Recientemente, el Ártico ha vivido dos sustos. En enero de 2013, la plataforma Kulluk, de Shell, quedó a la deriva en el golfo de Alaska. Acabó encallada frente a la costa. No hubo derrame del más de medio millón de litros de combustible que acumulaba en su interior. El último incidente sucedió en Rusia, en el paso del norte, en septiembre del año pasado: el petrolero Nordvik, con 5.000 toneladas de diésel a bordo, chocó con un iceberg que le abrió una grieta en el casco. Por suerte, fue insuficiente para destruir el buque y causar un vertido al mar. Las autoridades rusas censuraron que el Nordvik hubiera entrado al hielo sin escolta.
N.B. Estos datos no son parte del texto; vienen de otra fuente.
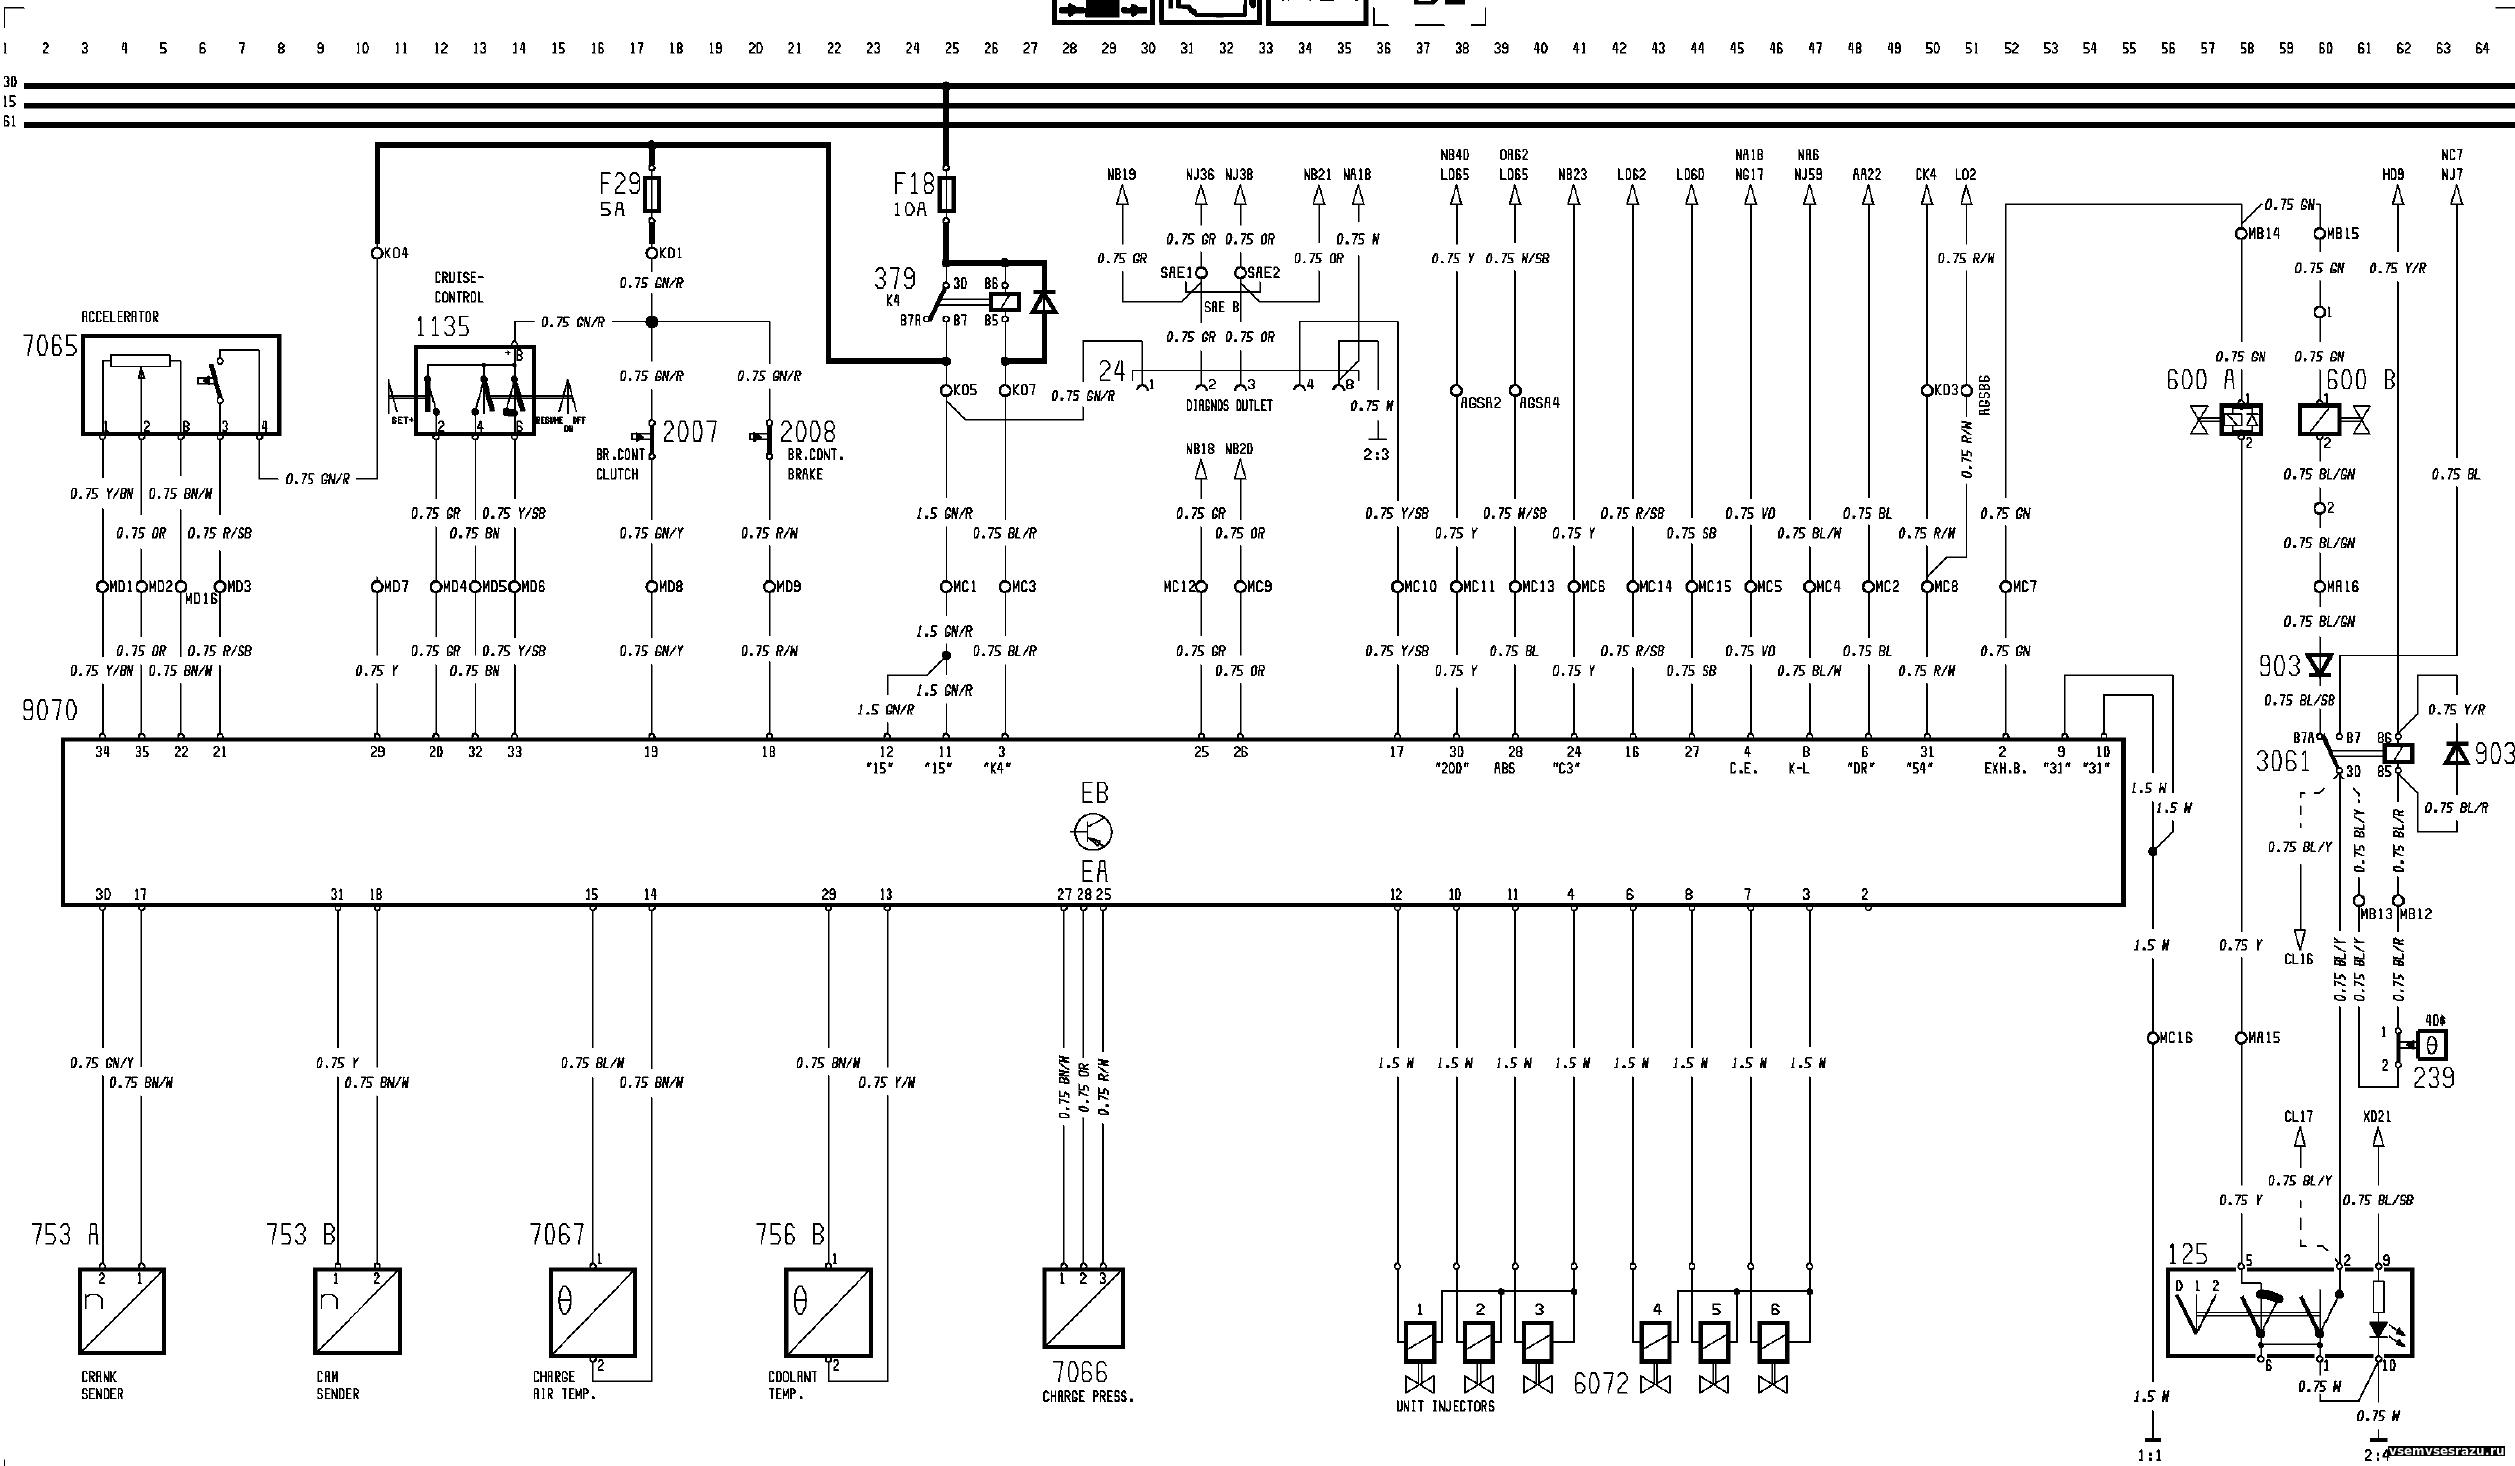 вольво fh12 2003 схема работы вентилятора печки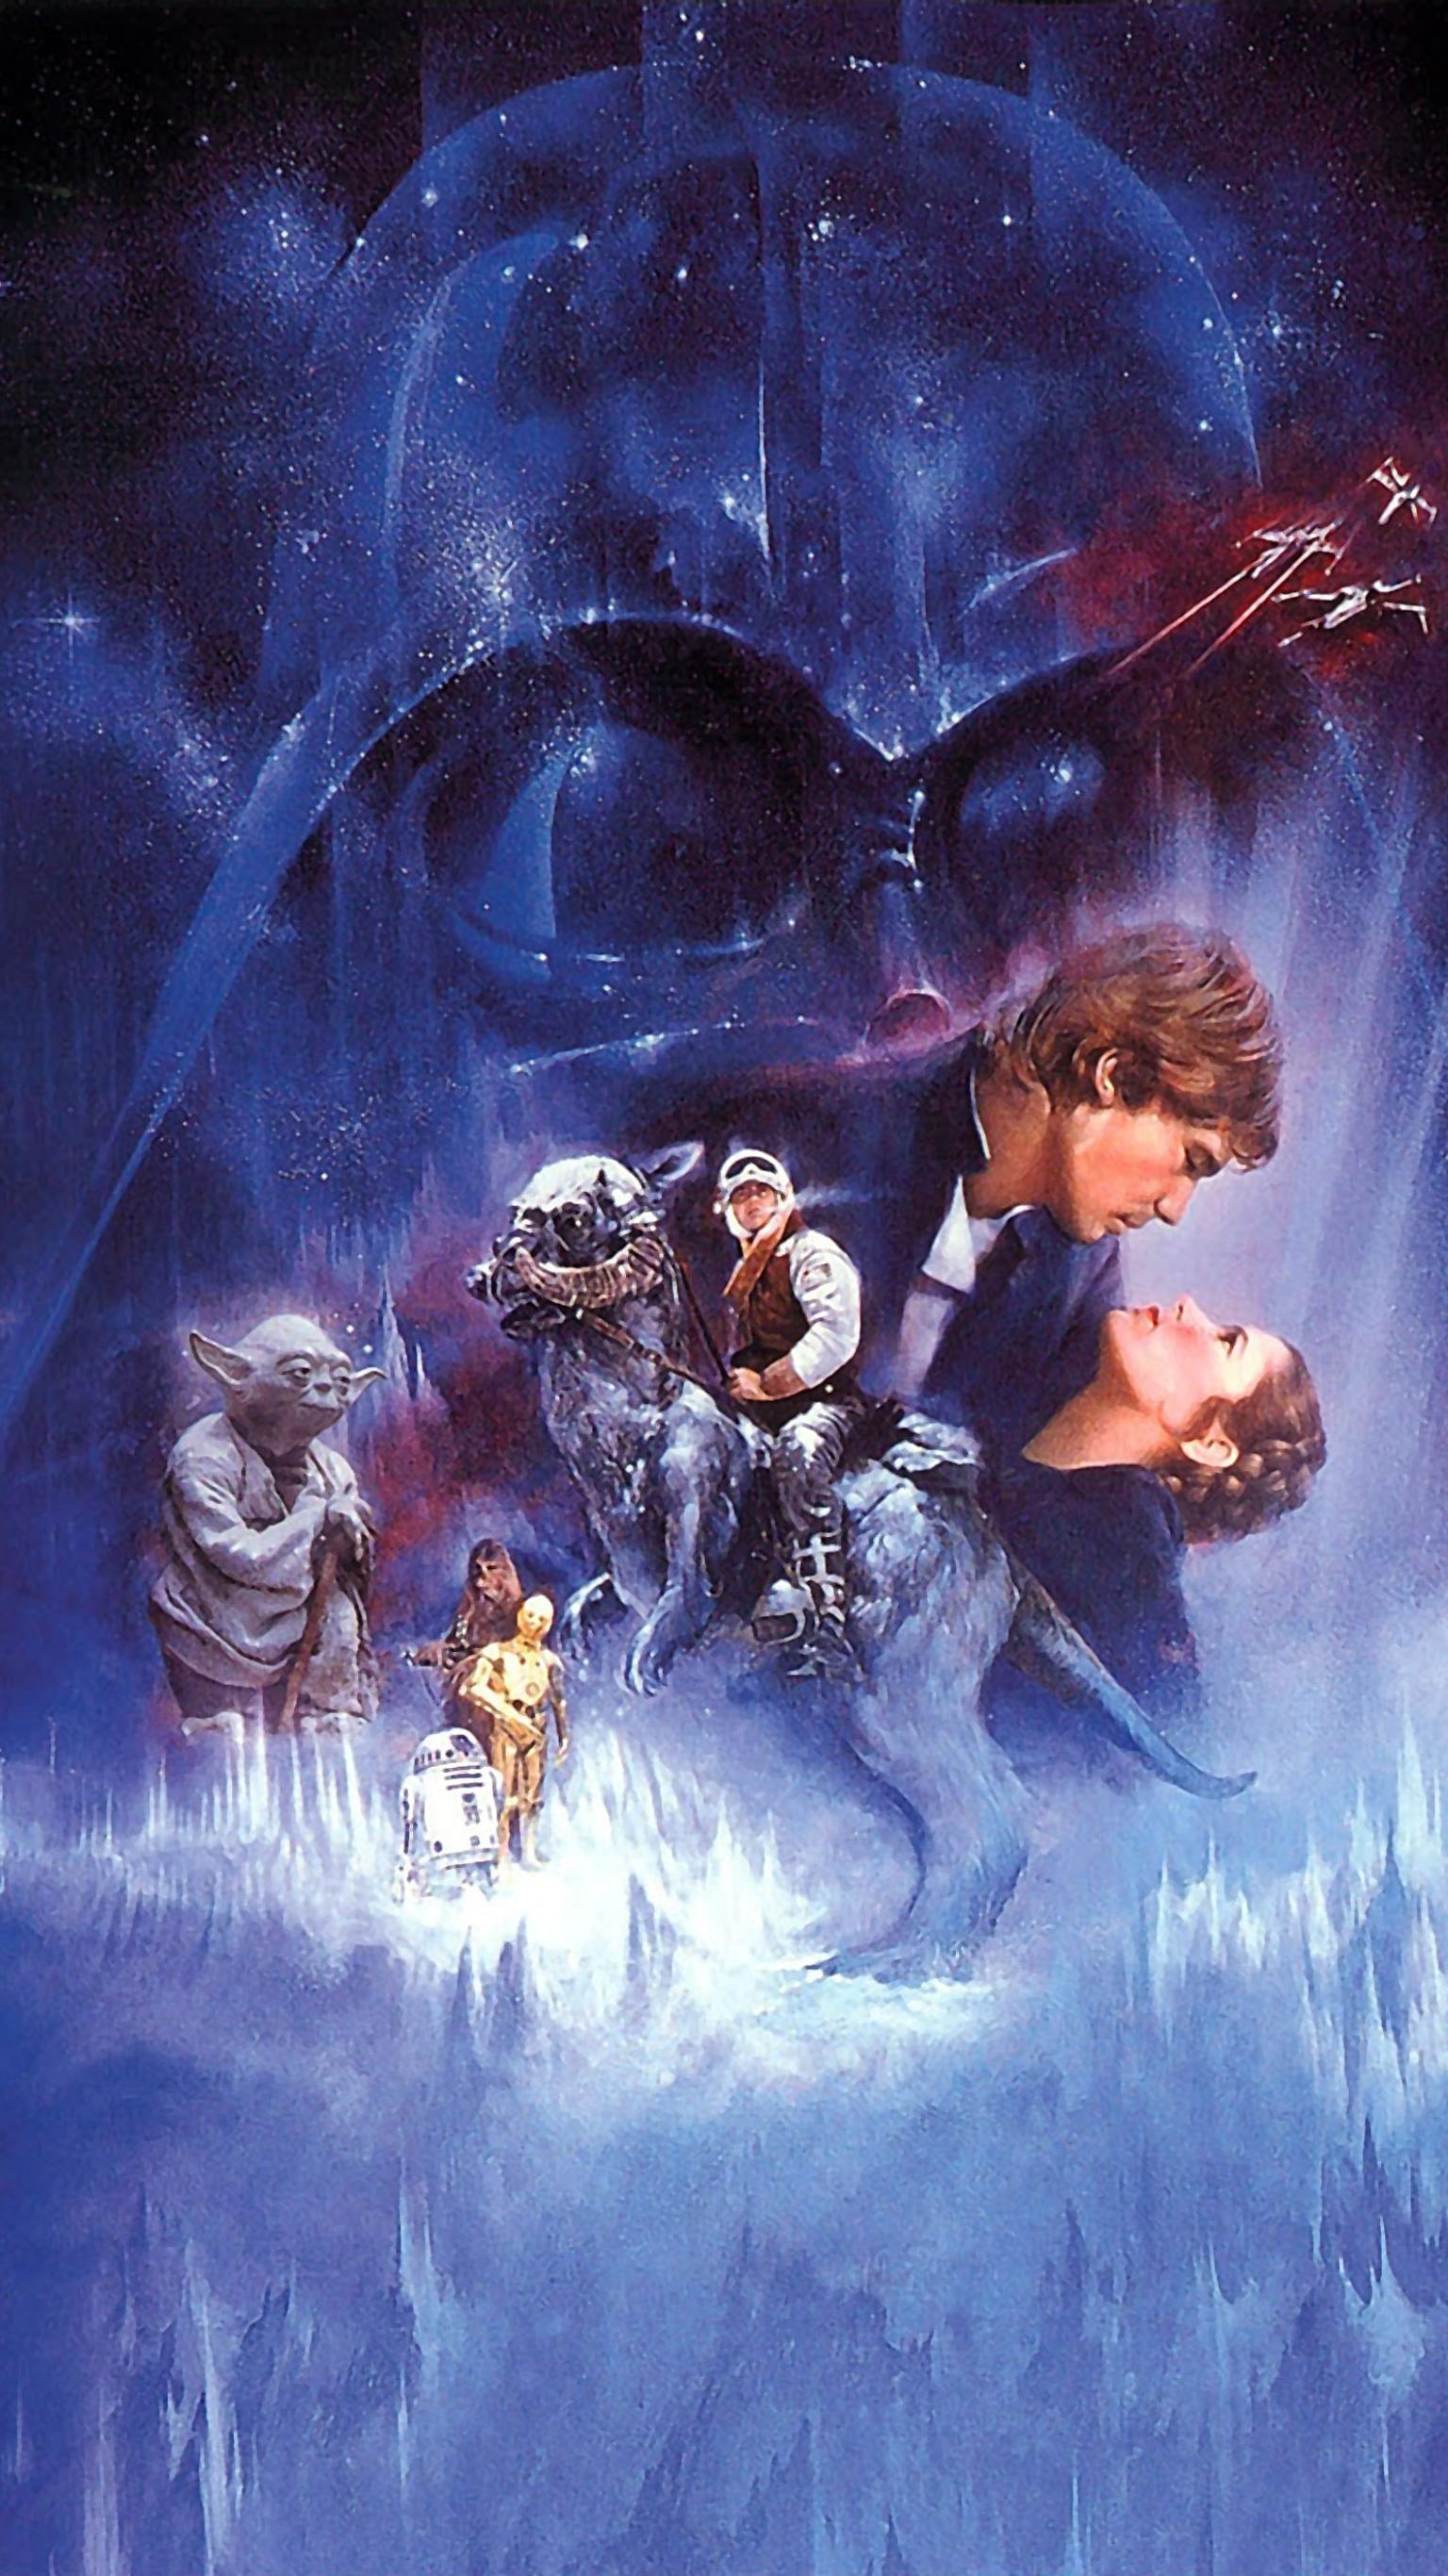 The Empire Strikes Back 1980 Phone Wallpaper Moviemania In 2020 Star Wars Poster Star Wars Art Star Wars Poster Art

Ambos incidentes causan preocupación en quienes ven en la exploración ártica un episodio más de la ambición humana. En opinión de muchos, desde ecologistas hasta científicos y Gobiernos de países que ven en el cambio climático una amenaza real a su propia supervivencia (Maldivas, por ejemplo, con una altura máxima de dos metros, podría desaparecer), lo que se necesita es crear un santuario Ártico, la firma de un tratado global parecido al que ya existe en la Antártida, que proteja el Polo Norte de los intereses comerciales: “Al menos debería ser así en el alto Ártico, que ningún país pueda ir más allá de las 200 millas náuticas de su costa. No tengo fe en que se haga, pero es lo que Naciones Unidas debería conseguir”. Kim Holmén, el director del Instituto Polar de Noruega, está acostumbrado a tratar con políticos: “Siempre les intento explicar que jamás llegaremos a ninguna parte si nos acusamos unos a otros. Hay países que históricamente tienen más culpa en las emisiones de CO2 a la atmósfera; otros la tienen ahora, pero la responsabilidad es de todos”.

¿Podría sobrevivir la humanidad a un mundo sin hielo marino? “Sobrevivir es una palabra muy fuerte. Creo que el hombre sobreviviría incluso si el oso polar desapareciera. Pero el mundo sería mucho más pobre. Lo que quiero decir es que el oso polar debe preocuparnos, pero también esos vínculos climáticos globales de los que te hablo”, señala Holmén. En Long­yearbyen, uno de sus vecinos es el cineasta australiano Jason C. Roberts, especializado en documentales de naturaleza: “El oso polar es una imagen icónica que ayuda a que la gente ponga rostro al Ártico. Es uno de esos animales simbólicos de la Tierra, como los elefantes o los tigres. Si no cuidamos de ellos, ¿cómo salvaguardaremos el futuro del planeta?”.

Fuente:
Álvaro Corcuera, Viaje a la última frontera del mundo, 21/09/14, El País.